DERIVADA: Cuerpo social, especificado como conjunto de bautizados que profesan comunión con el Papa y sus obispos.

Estas dos definiciones o razones de una misma realidad son prácticamente convertibles entre sí 2. Pero el estado actual anómalo de la Iglesia Católica hace forzoso ajustarse a la primera definición para estar seguro de no malinterpretar la segunda.

Cada una de las dos definiciones parte de uno de dos órdenes de la Iglesia Católica para desde allí abarcar el resto: así, la definición primitiva «desciende» del orden invisible de la Iglesia Católica, y la definición derivada «asciende» del orden visible.
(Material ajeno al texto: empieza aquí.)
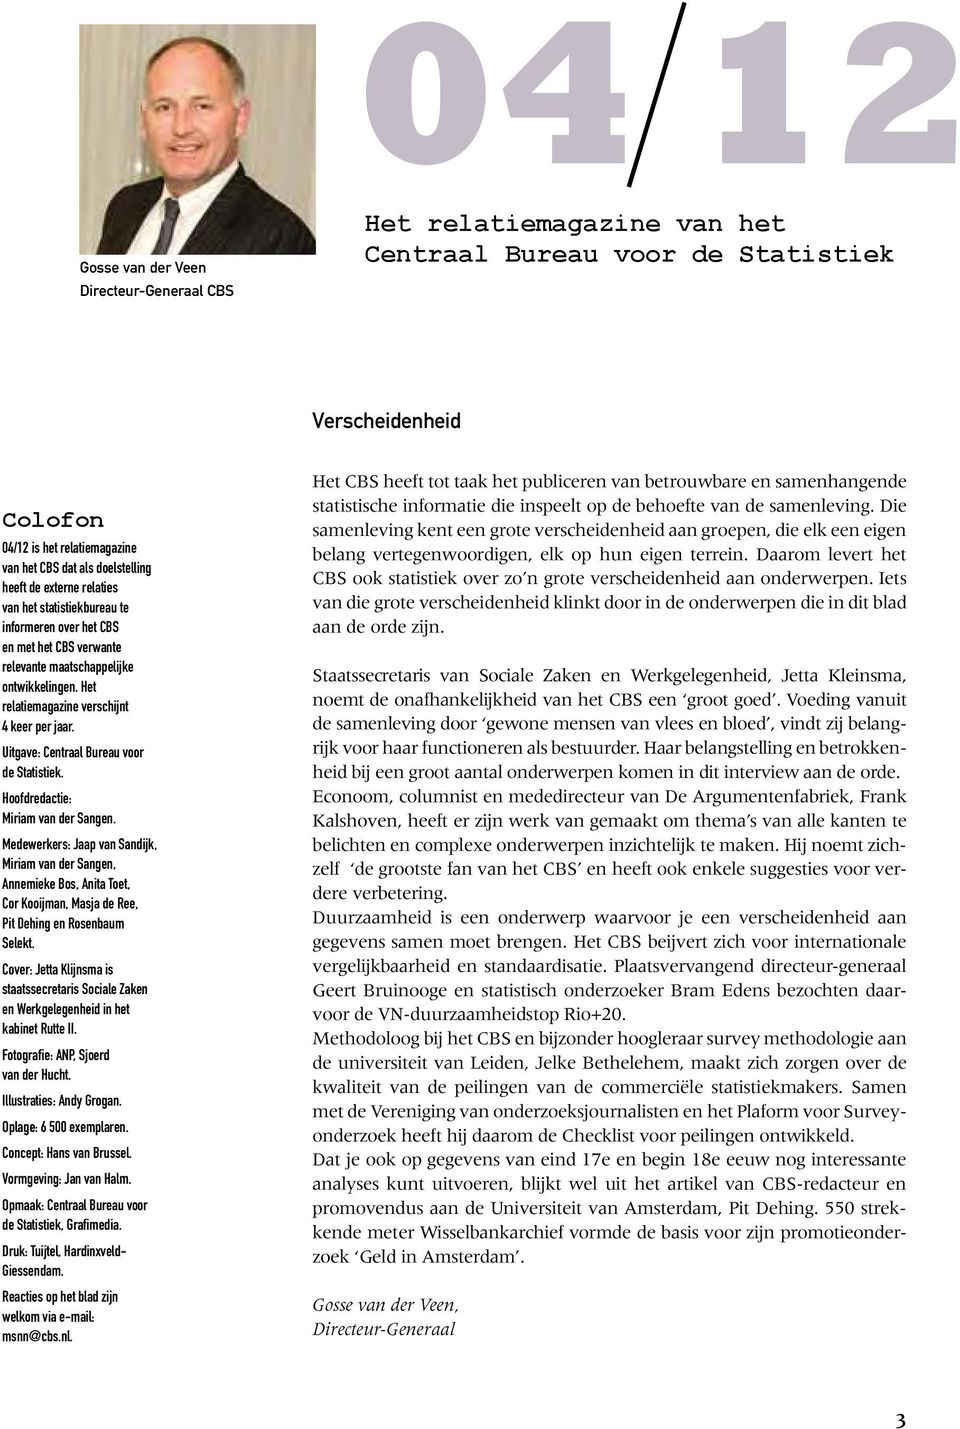 Uitgave: Centraal Bureau voor de Statistiek. Hoofdredactie: Miriam van der Sangen.

Sobre ambos órdenes cabe asentar lo siguiente:

Cristo encabeza por sí mismo el orden invisible de la Iglesia Católica y le ha dejado como principio operativo Su Propio Espíritu, la Tercera Persona Divina. La afiliación a la Iglesia en ese mismo orden invisible compromete la relación entitativa personal del hombre a Dios, y se determina por el criterio teórico de la Fe —adhesión a la Verdad revelada— incluido su artículo de ser conservada y declarada por el Papa de manera infalible y por ende perdurable.

Cristo encabeza mediante su Vicario  el orden visible de la Iglesia Católica y le ha dejado como principio operativo —no necesariamente puesto en acto— la autoridad apostólica concentrada en el Papa.
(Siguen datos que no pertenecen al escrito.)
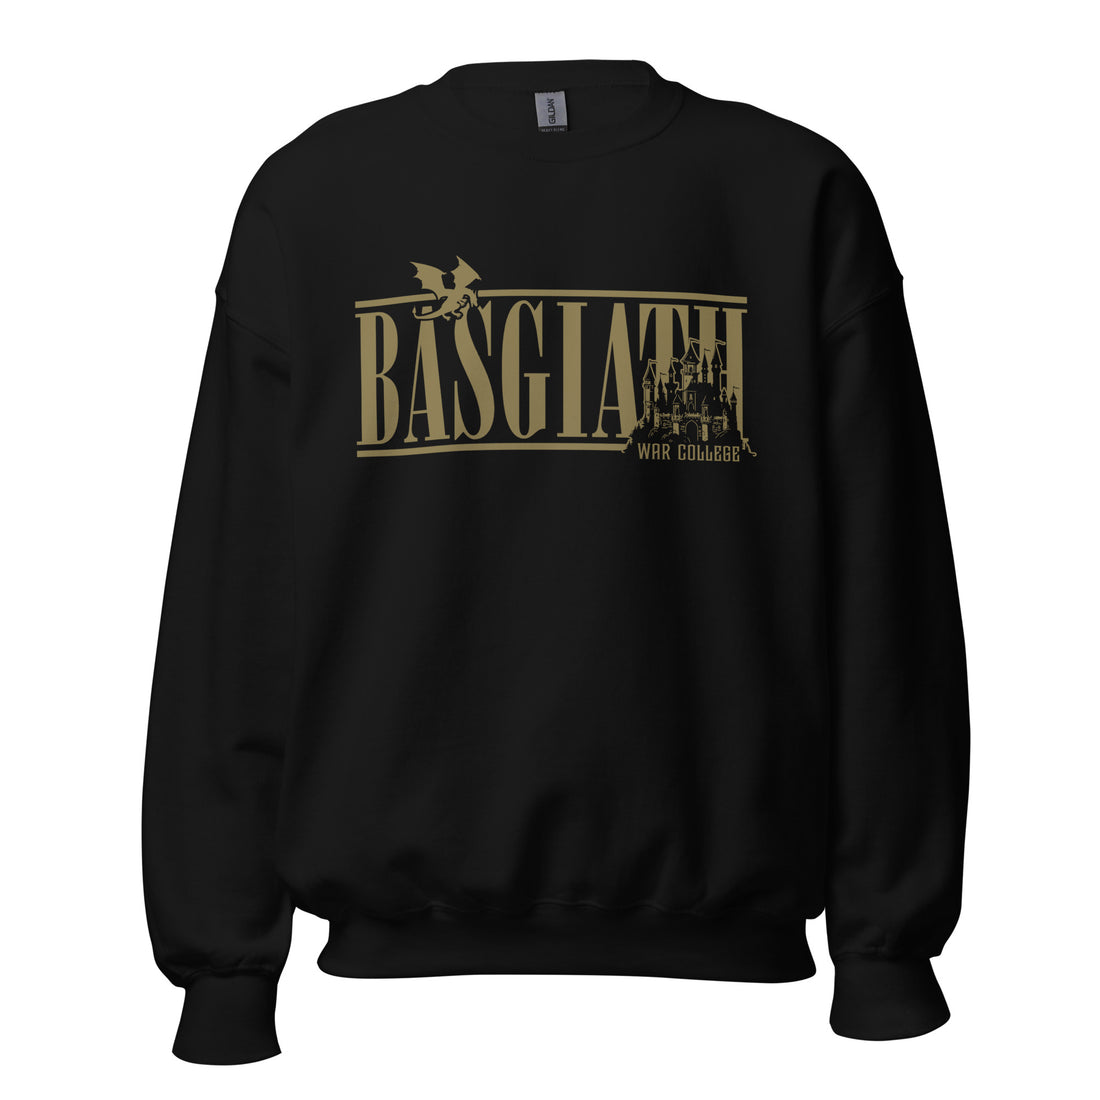 Basgiath War College Location Sweatshirt | Fourth Wing Merch

La afiliación a la Iglesia en ese mismo orden visible compromete la relación operativa natural del hombre a su prójimo, y se determina por el criterio práctico de la subordinación al Papa.

Los fieles en pecado mortal no están afiliados a la Iglesia en ambos órdenes. De ellos se dice que están en el cuerpo —orden visible— pero no en el alma —orden invisible— de la Iglesia pues su triste estado los priva de participar en el Bien eminentísimo de la Iglesia y que constituye toda su razón de ser. De ellos habla en estos términos el Pastor Angelicus Pío XII en la gran encíclica eclesiológica del siglo XX:

Ni la vida se aleja completamente de aquellos que, aun cuando hayan perdido la caridad y la gracia divina pecando, y, por lo tanto, se hayan hecho incapaces de mérito sobrenatural, retienen, sin embargo, la fe y esperanza cristianas, e iluminados por una luz celestial son movidos por las internas inspiraciones e impulsos del Espíritu Santo a concebir en sí un saludable temor, y excitados por Dios a orar y a arrepentirse de su caída.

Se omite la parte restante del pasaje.